Network congestion was effectively mitigated, as the reduced data volume maintained high throughput (480 MB/s) and avoided bottlenecks, even with 50 nodes. Write operations per node dropped from 5 GB in the five-node cluster to 0.5 GB in the 50-node setup (a 90% reduction per node, with a total of 25 GB across all nodes). This distribution of I/O load across more SSDs, combined with their inherent wear-levelling algorithms, ensures sustained performance and extends device lifespan, making the approach well-suited for large-scale systems like those in e-government applications. Thus, the mechanism scales efficiently to 50 + nodes without significant degradation from network congestion or SSD wear. The energy saving analysis produced the following results as in Table 6.

Table 6. Energy savings between SSD-based and HDD-based Hadoop clusters.

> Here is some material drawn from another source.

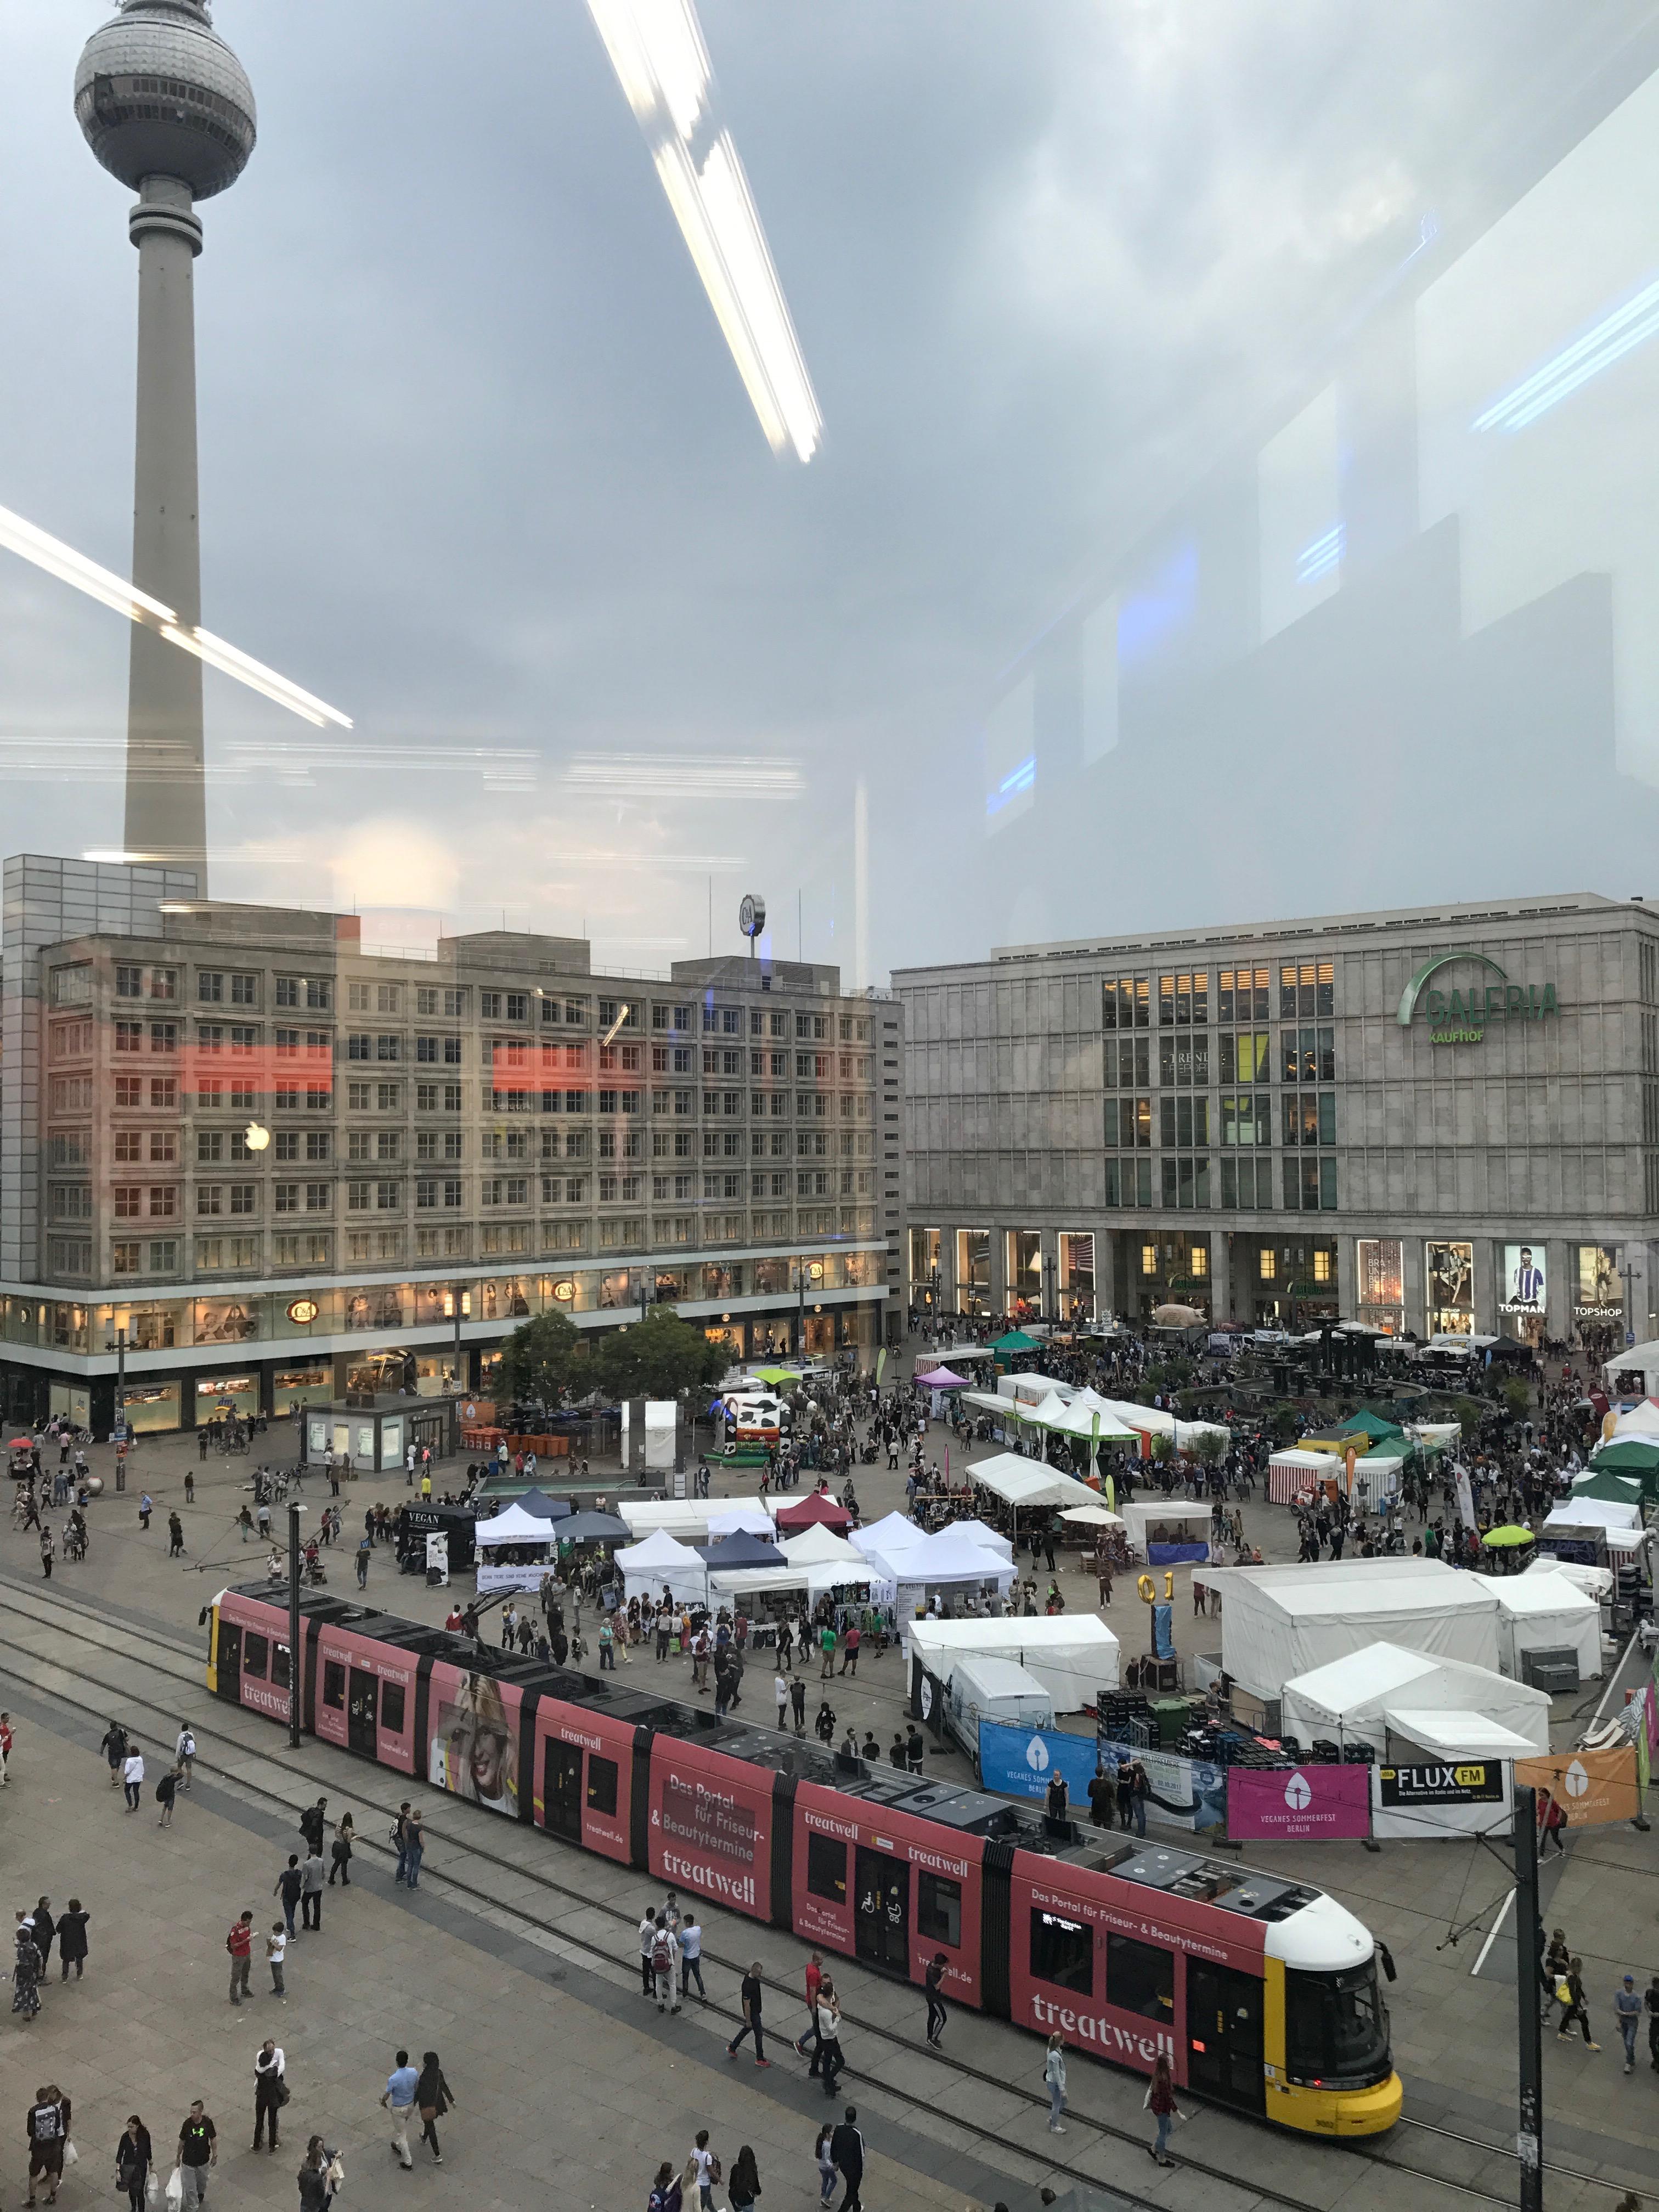 IMG_8139 برلين عاصمة الحرب و السلام , هنا تجدون رحلتي لها مع اهم الاماكن السياحية و الفنادق و الاسواق و بعض المطاعم .

Cluster Type	Average Execution Time (s)	Average Power Consumption (W)	Total Energy Consumption (Wh)
SSD-based	92	150	3.83
HDD-based	100	200	5.56

The results highlight a clear advantage for the SSD-based Hadoop cluster in terms of energy efficiency. The SSD-based cluster consumed an average of 150 W during the Terasort benchmark, compared to 200 W for the HDD-based cluster—a 25% reduction in power consumption. This difference stems from the lower energy requirements of SSDs, which use approximately 2 W per device for read/write operations, versus 6 W per HDD. Furthermore, the SSD-based cluster completed the benchmark in 92 s, 8 s faster than the HDD-based cluster’s 100 s, contributing to additional energy savings. Consequently, the total energy consumption was 3.83 Wh for the SSD-based cluster and 5.56 Wh for the HDD-based cluster, reflecting a 31% reduction in energy usage. These findings are consistent with prior research, such as²², which noted up to 30% energy savings in SSD-based systems for I/O-intensive tasks. The combination of reduced execution time and inherent SSD power efficiency positions the SSD-based cluster as a more sustainable and cost-effective option for e-government applications, where both performance and energy efficiency are paramount.

Discussion

Findings marked the shortening of average execution time for using the proposed data address-based shuffle mechanism, especially in benchmarks related to Terasort. This reduction in execution time demonstrates the proposed mechanism’s capability of improving efficiency of distributed computation. The emerging type of computation – distributed computation – is relevant to the case of e-government systems. In e-government, distributed computation would be used to analyse massive amount of user records and real-time sensor data, and to make decisions and provide user services. If the proposed data address-based shuffle mechanism could shorten the time of data processing, it would increase the capacity of online operations and raise response rates of e-government services.

The SSD-based data address shuffle mechanism demonstrates varying performance improvements across different workload types, with the most significant gains observed in I/O-heavy workloads, such as log aggregation and citizen registry processing, which are prevalent in e-government systems. By leveraging SSDs’ high sequential read/write speeds (550 MB/s compared to 100 MB/s for HDDs) and reducing I/O operations by 40% through address-based sorting, the mechanism optimizes shuffle phase efficiency, particularly for tasks dominated by data movement, as evidenced by an 8% execution time reduction in the Terasort benchmark. For mixed workloads, such as analytics dashboards combining data retrieval and computation, the mechanism yields moderate benefits due to balanced I/O and CPU demands, while CPU-heavy workloads, like k-means clustering, show minimal improvements as shuffle operations constitute a smaller portion of execution time. This workload-specific efficacy, aligned with findings by²⁴ on I/O optimization in MapReduce, underscores the mechanism’s suitability for e-government applications with predominant I/O-intensive tasks, although complementary strategies, such as GPU acceleration, may enhance performance for CPU-bound workloads.

The benchmark results shows that there are only some marginal increases in execution time for some benchmarks. However, in practice, these marginal gains may be sufficient to improve the performance and efficiency in HDD-based environment. This would be very useful for e-government that is based on HDD and is being used to store the big amount of data generated by people. For example, by improving the efficiency of the shuffle operation in a HDD-based storage, the proposed scheme can help e-government achieve better cost-efficiency.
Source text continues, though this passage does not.